Overall structure of the nsp3 CoV-Y domain
The CoV-Y domain of SARS-CoV-2 nsp3 has a twisted structure resembling a letter V with linear dimensions of approximately 60 Å × 50 Å × 32 Å (Fig. 1b,c). The protein is organized into three distinct subdomains (Y2, Y3 and Y4) with a deep cleft in the middle; previous proteomic analysis suggested that the CoV-Y domain of SARS-CoV nsp3 consists of two subdomains27. The N-terminal Y2 subdomain (residues 1665–1763) is dominated by six β strands (S21–S26) arranged into two nearly orthogonal β sheets (S21↑S26↑S25↑ on one sheet and S22↑S23↓S24↑ on the other) to form a β sandwich-like structure packed across a hydrophobic core (Fig. 2a). A 16-residue α helix (H23) connecting strands S25 and S26 stacks on the exposed side of the parallel sheet, whereas three short 310 helices (H21, H22 and H24) surround the open side of the β sandwich.

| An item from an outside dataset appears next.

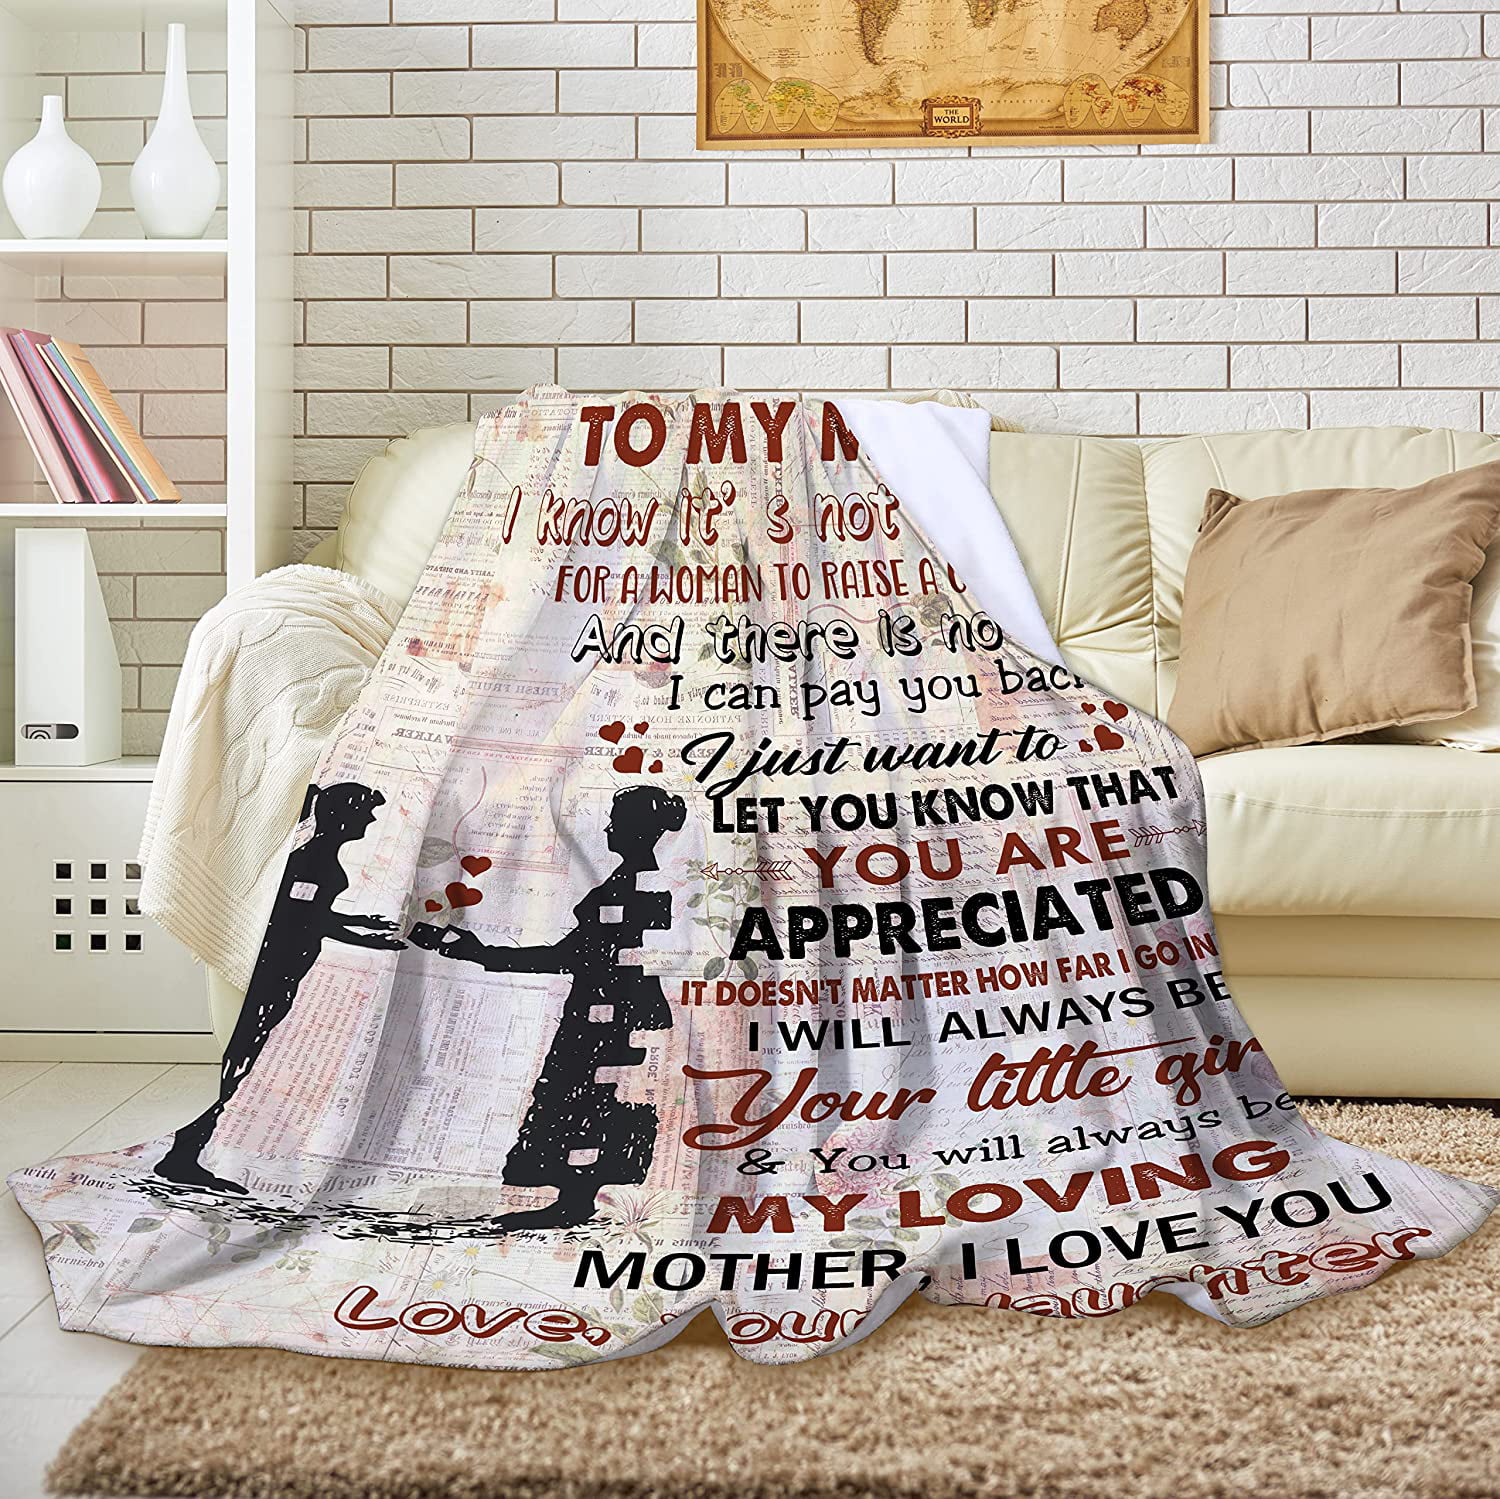  Personalized to My Mom Blanket from Daughter Son Love Letter  Mail to Mom Birthday Mothers Day Christmas Customized Fleece Sherpa Blanket  : Home & Kitchen

The middle Y3 subdomain (residues 1764–1847) adopts a compact α helical fold composed of a three-helix bundle (H31–H33) packing against the 4th helix (H34) with an axial tilt of ~ 60° (Fig. 2b). The antiparallel helix bundle has a down-up-down topology, of which three helices interact over four turns and bury 2729 Å2, equivalent to 49% of their combined total accessible surface area. A cluster of aromatic side chains (Phe1773, Tyr1776, Phe1780, Phe1784, Phe1815 and Phe1823) forms a twisted ladder in the central core of the helix buddle stabilizing interactions between three helices. All four helices of the Y3 subdomain are largely amphipathic, with polar and charged residues on the outside and nonpolar side chains buried inside (Fig. 2b).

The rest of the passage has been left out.